To verify the conclusions of the Endocrine Society Guidelines that patients with mild hirsutism and no other important clinical signs (menstrual irregularities, infertility, central obesity, acanthosis nigricans, rapid progression of the hirsutism, clitoromegaly) should not be further studied.

DESIGN:

Retrospective study in patients referred because of mild hirsutism and no other clinical signs.

SETTING:

Department of Clinical Medicine of the University of Palermo.

PATIENT(S):

One hundred fifty-two patients with mild hirsutism.

INTERVENTION(S):

Measurement of serum testosterone, dehydroepiandrosterone sulfate, 17-OH-Progesterone, assessment of ovulation by measurement of progesterone in 21 to 24 days and ovarian ultrasound.

RESULT(S):

In 72 (47%) patients a diagnosis of polycyctic ovarian syndrome (PCOS) was performed.
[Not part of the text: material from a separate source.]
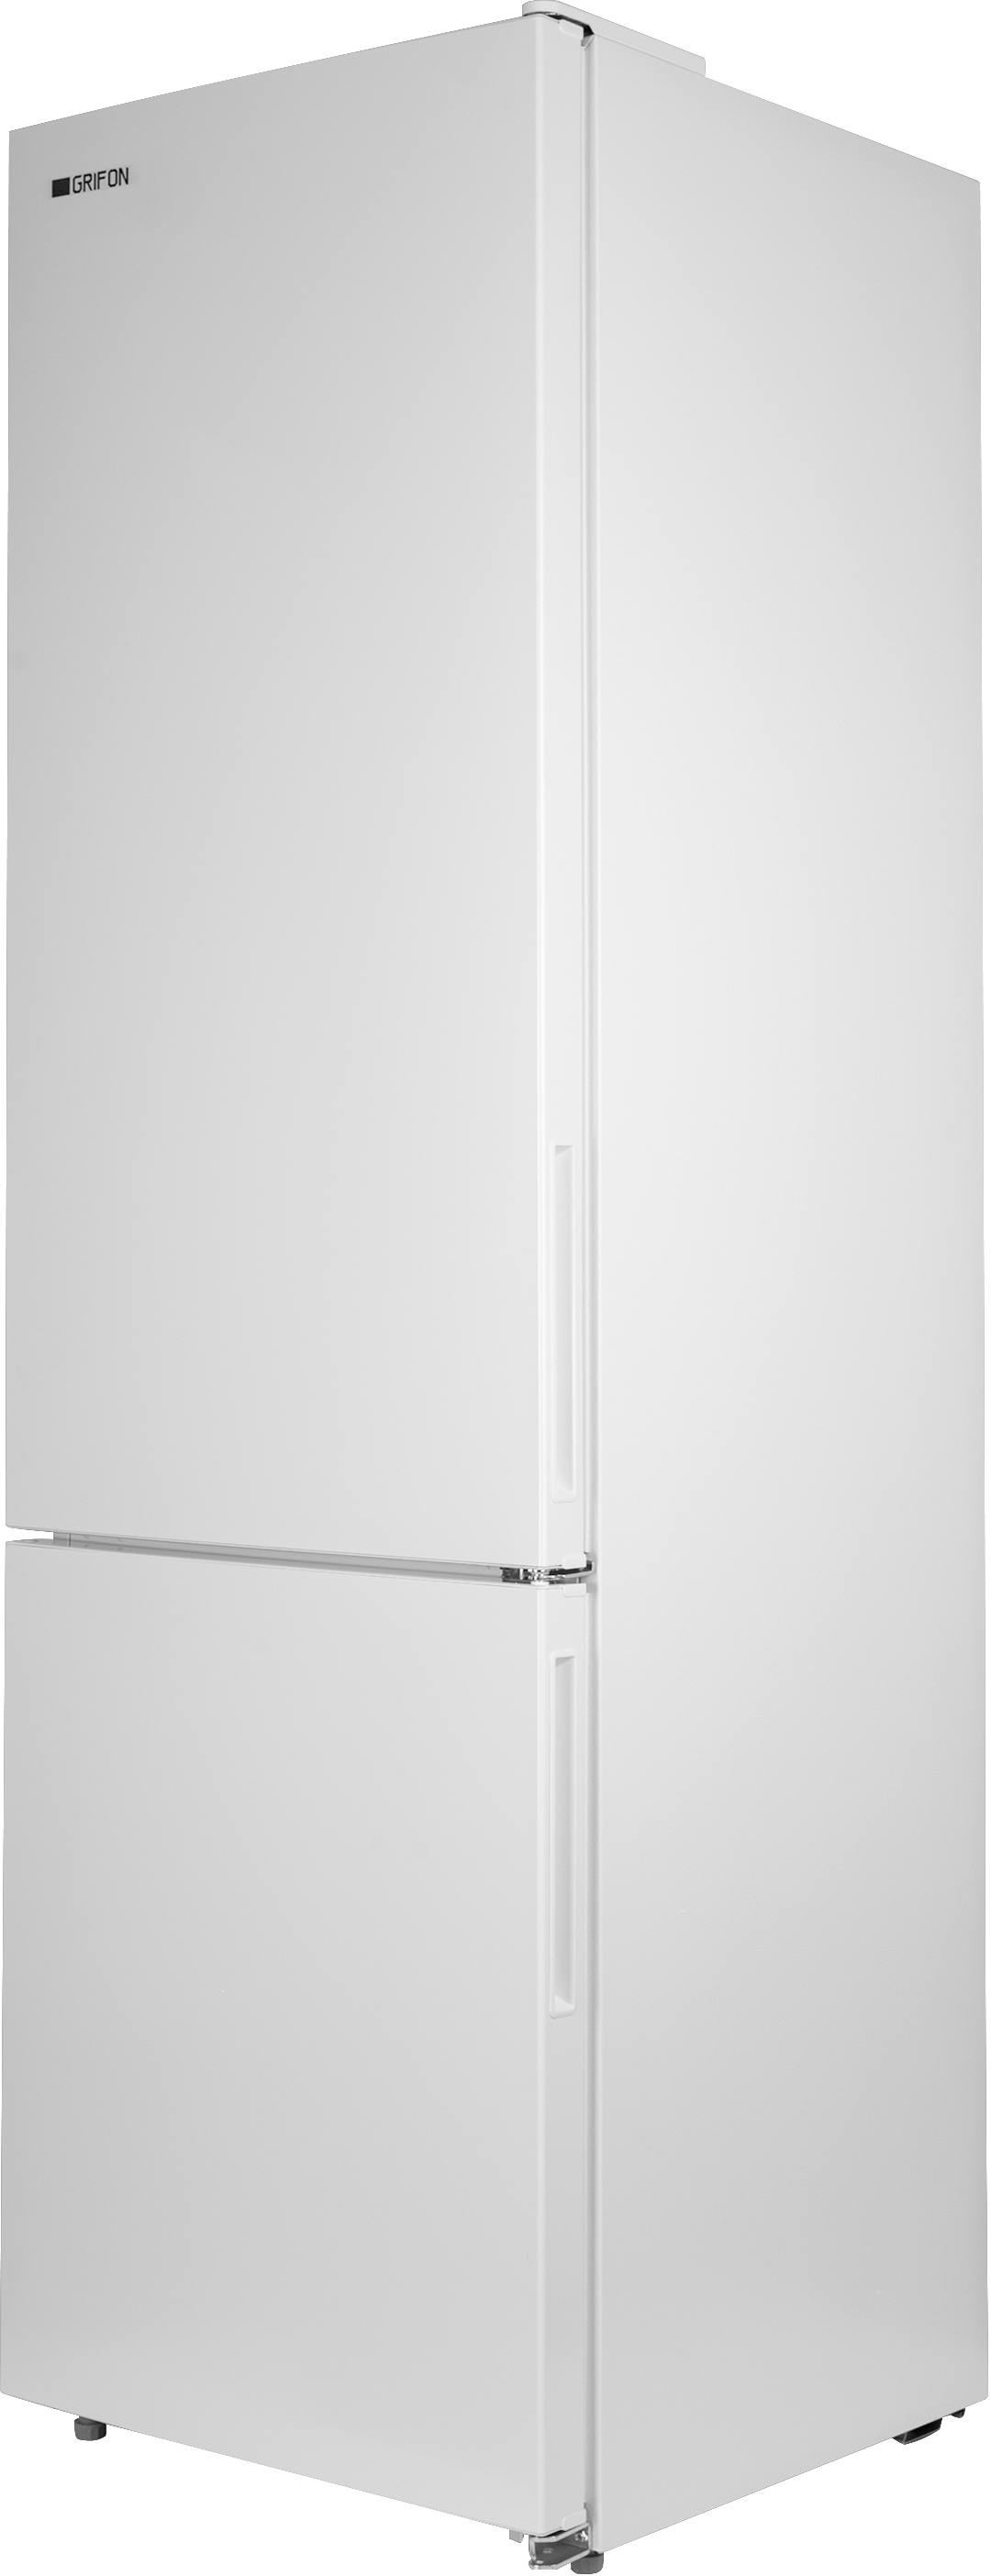 Холодильник Grifon NFN-185W отзывы - изображения 5

Polycyctic ovarian syndrome patients included 56 patients with the mild ovulatory form (OV-PCOS) but also 16 patients with the anovulatory form (classic PCOS). Three (2%) patients had nonclassic adrenal hyperplasia.

CONCLUSION(S):

Because of the high prevalence of PCOS and the possibility of finding nonclassic 21-hydroxylase deficiency, patients with mild hirsutism need a diagnostic evaluation that should include 17-hydroxyprogesterone measurement plus assessment of ovulation and ovarian ultrasound.